5) **Annotated the dataset**    
    Annotated the dataset using [Brat](http://brat.nlplab.org/).
    
6) **Packaged up**    
    Splitted the dataset through group sampling into training (60%) and testing (40%). Zipped them into two zip files. More details of how to do it, can be found [SplitDataset.ipynb](advanced/SplitDataset.ipynb)




## 2. Explore the data

Let's take a look at the annotated data, see how it looks like.

In [None]:
# import packages that we will need
from nlp_pneumonia_utils import read_doc_annotations
from nlp_pneumonia_utils import DocumentClassifier
from nlp_pneumonia_utils import list_errors
from visual import snippets_markup
from visual import view_pycontext_output
from visual import display_doc_text
# packages for interaction
from IPython.display import display, HTML
import ipywidgets

### 2.1 Load our training set

In [None]:
# first we need to tell which type is considered for positive document
pos_doc_type='FAM_BREAST_CA_DOC'

annotated_doc_map = read_doc_annotations(archive_file='data/bc_train.zip', pos_type=pos_doc_type)

# let's also use a simple list of documents as well as this map
annotated_docs = list(annotated_doc_map.values())

print('Total Annotated Documents : {0}'.format(len(annotated_docs)))

### 2.2 See what have been annotated

In [None]:
#check notes have positive mentions

# limit the number of documents to display

total_display=15

pos_docs=dict((k, v) for k, v in annotated_doc_map.items() if  v.annotations[0].type ==pos_doc_type)

display(HTML(snippets_markup(dict(list(pos_docs.items())[:total_display]),'FAM_BREAST_CA', 900,400)))

See where the snippets came from:

In [None]:
display_doc_text(pos_docs,300)

### 2.3 See negative documents

In [None]:
neg_docs=dict((k, v) for k, v in annotated_doc_map.items() if  v.annotations[0].type !=pos_doc_type)

# comment the line below to clear the output cell
display_doc_text(neg_docs,300)

## 3. How does the pyConText work

In short, pyConText will take in a sentence string, then:

1. Locate the target terms
2. Look for context clues around the target terms, and assign modifier values to them

Check the [pyConText Notebook here](2.FHI_Project_Intro_pyConText.ipynb)


## 4. Going from pyConText output to a document classification

What rules might you create to classify a report with pyConText output as FAM_BREAST_CA_DOC or NEG_BREAST_CA_DOC?


###  Here are the steps:

1. Check these modifier values and rename the annotation type as necessary (See: [feature inference rule file](/edit/KB/fam_bc_featurer_inferences.csv))
2. Draw document level conclusion based on the evidence annotation types. If no evidence annotation exists, make a default conclusion (the last line of the [document inference rule file](/edit/KB/fam_bc_doc_inferences.csv))

For more detailed implementation, please check the <span style="color:blue">FeatureInferencer</span> class and the <span style="color:blue">DocumentInferencer</span> class in [this DocumentClassifier.py](/edit/DocumentClassifier.py)

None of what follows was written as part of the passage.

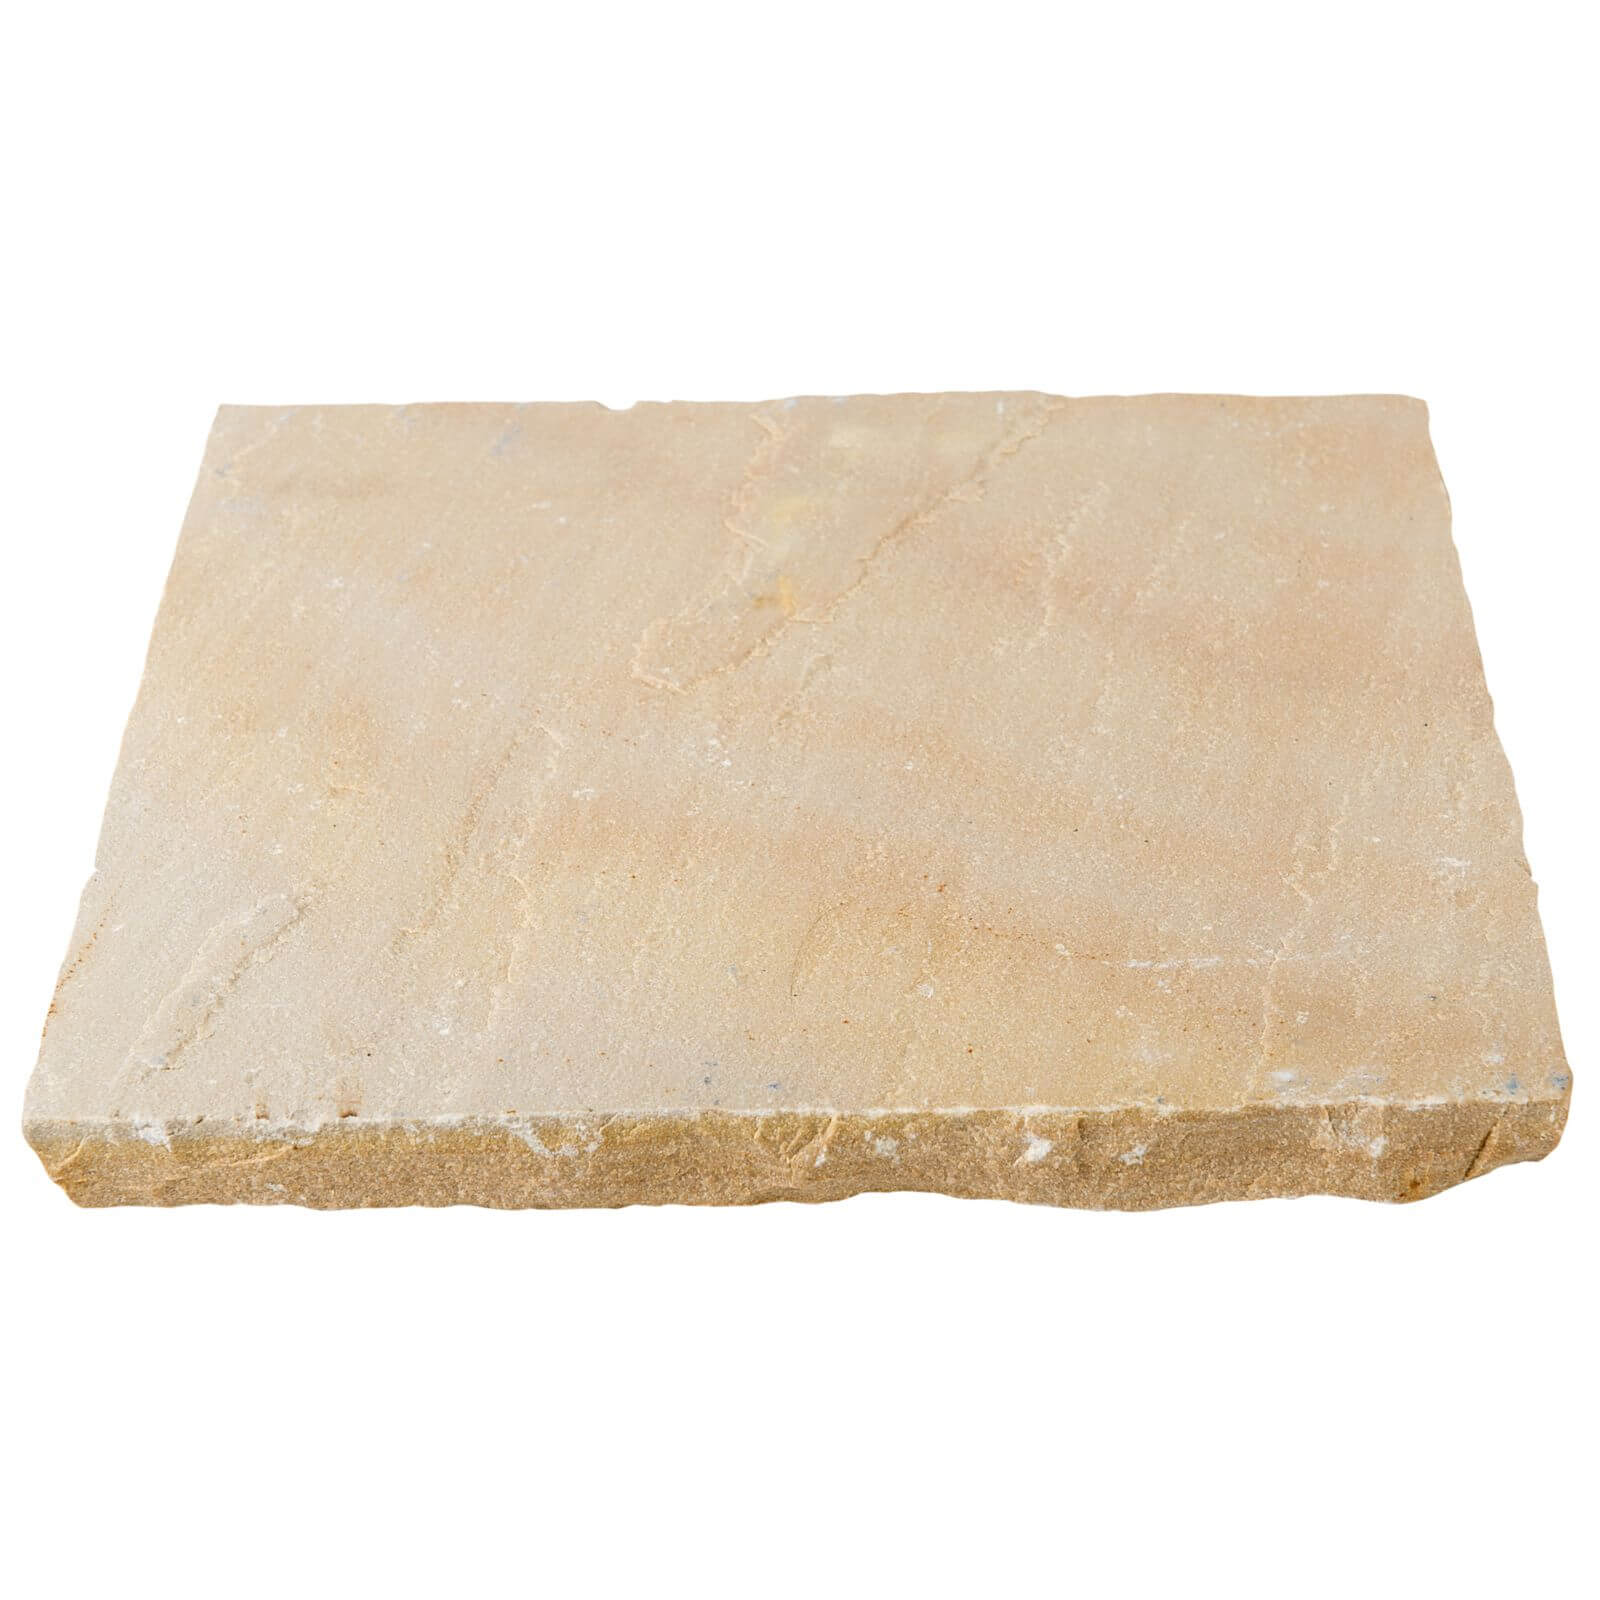 Stylish Stone Natural Sandstone 600 x 600mm - Scottish Glen

## 5. Wrap everything up in DocumentClassifier

We have created a DocumentClassifier, which can take a document text:
1. Segment document text into sentences
2. Apply pyConText
3. Make document classification based on pyConText output  

For more detailed implementation, please check [this DocumentClassifier.py](/edit/DocumentClassifier.py) out. It does all the dirty work for you, and offers a few very clean and simple interfaces for you to use.

## 5. How we know if the NLP performs good or bad?

We use quantitative measurements to evaluate the performance of an NLP solution. Three measurements are commonly used:
precision, recall and F measure. Check this 16min video before the class:
<a href="https://www.youtube.com/embed/2akd6uwtowc?ecver=2"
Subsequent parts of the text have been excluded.